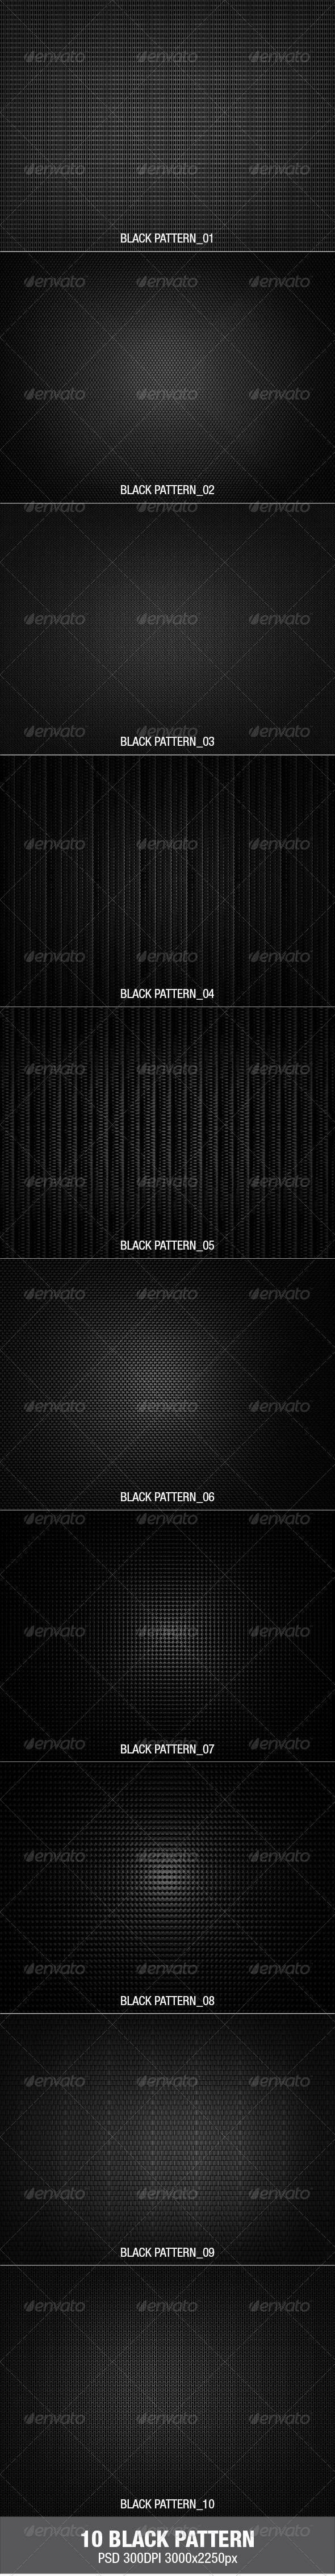 10 Black Pattern - Patterns Backgrounds
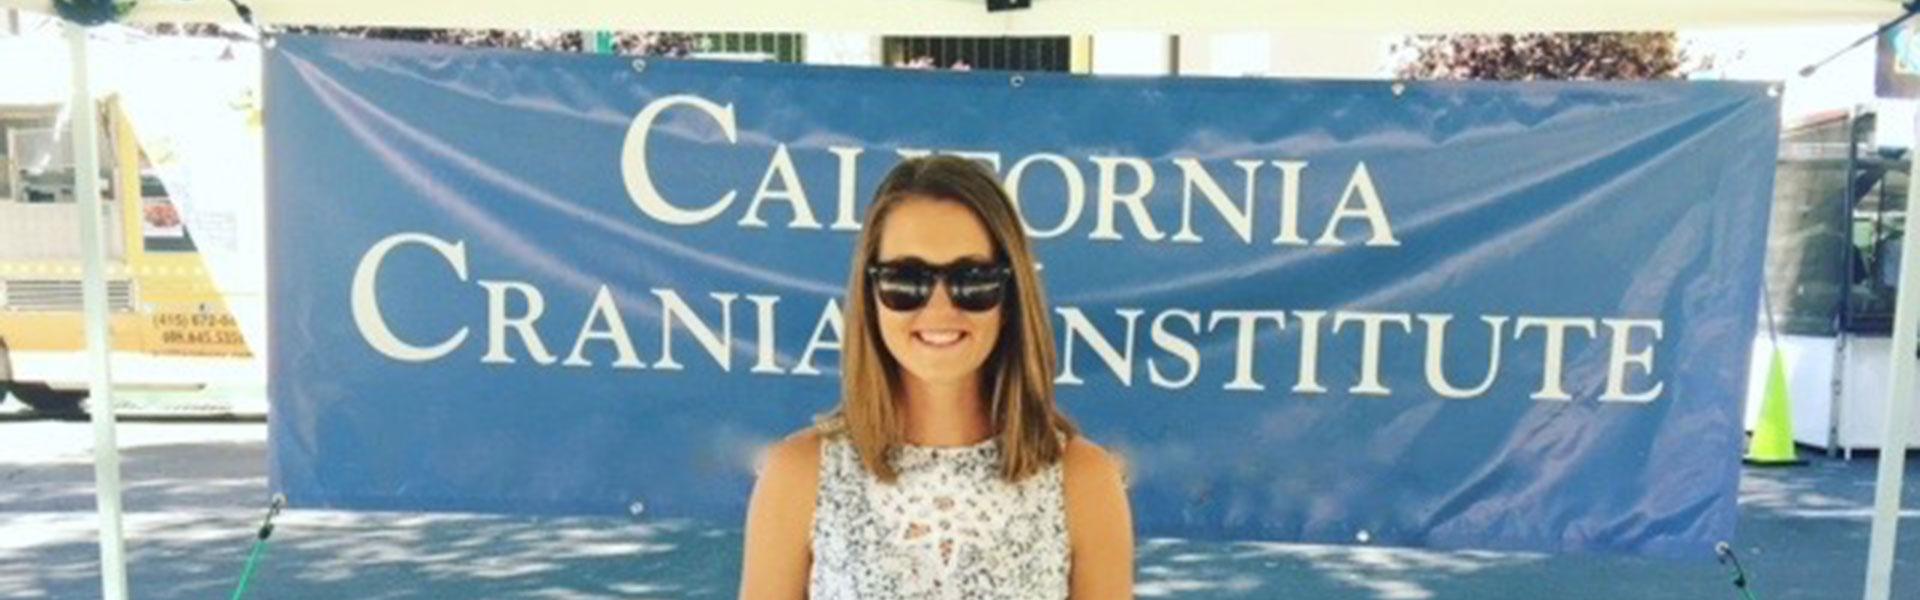 california-cranial-institute-banner
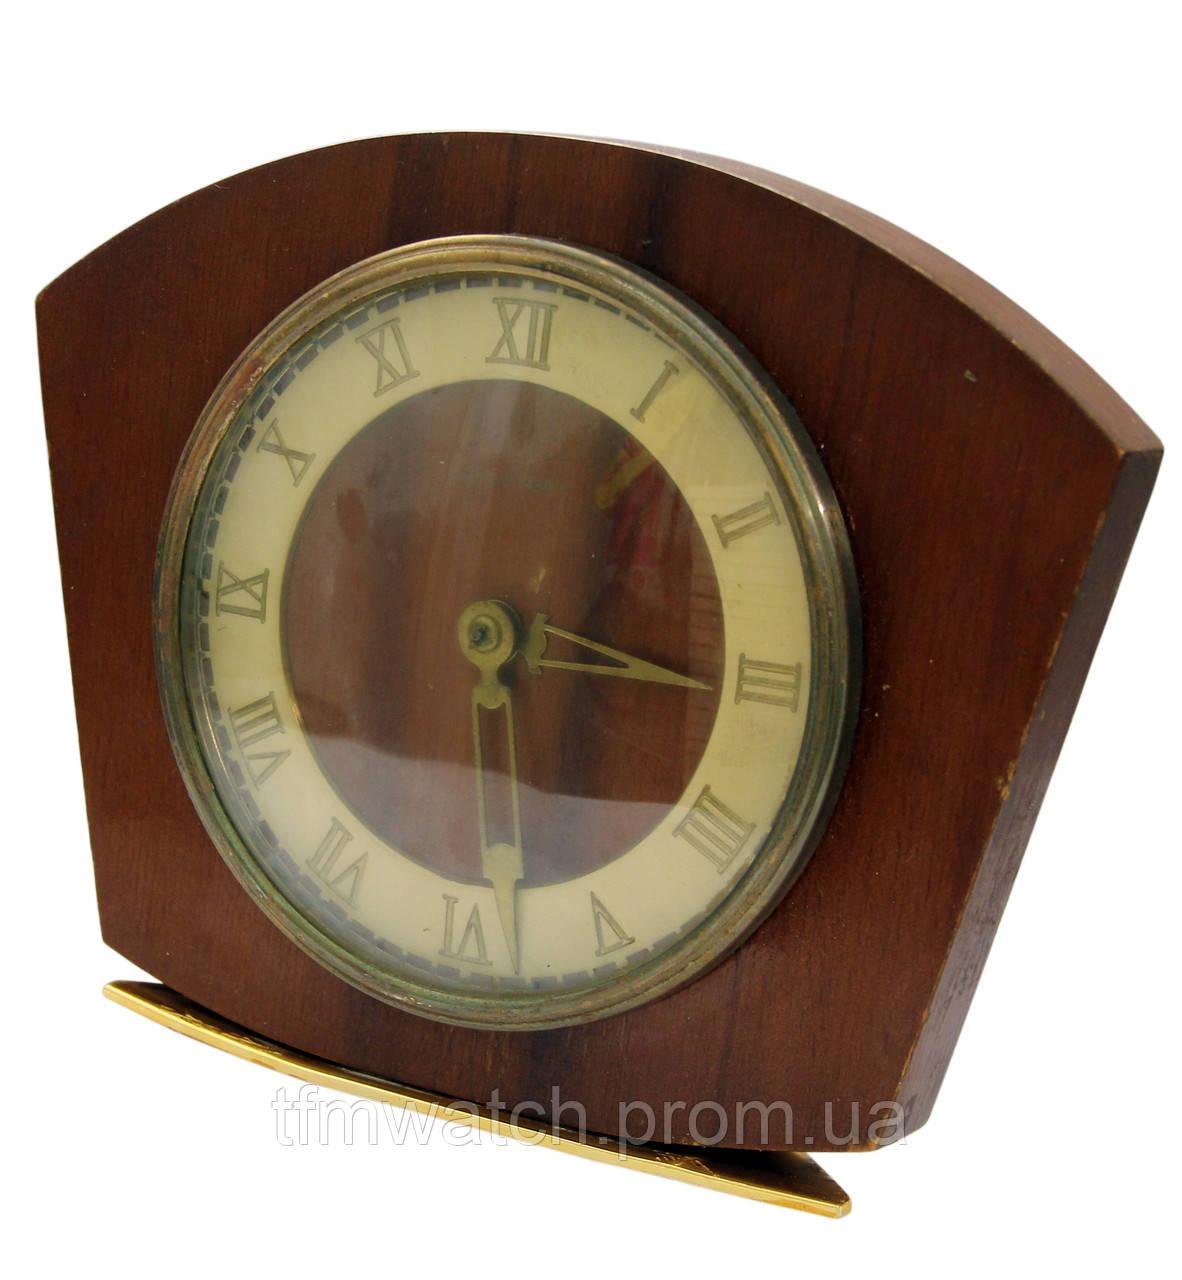 Часы продать настольные советские орловский продам часы настенные

+ + + + +

What the task asks: Once the line holding "california-cranial-institute-banner" is found, copy it and each later line exactly through the end of the data, leaving out the pictures.

Written solution:
 california-cranial-institute-banner
 Часы продать настольные советские орловский продам часы настенные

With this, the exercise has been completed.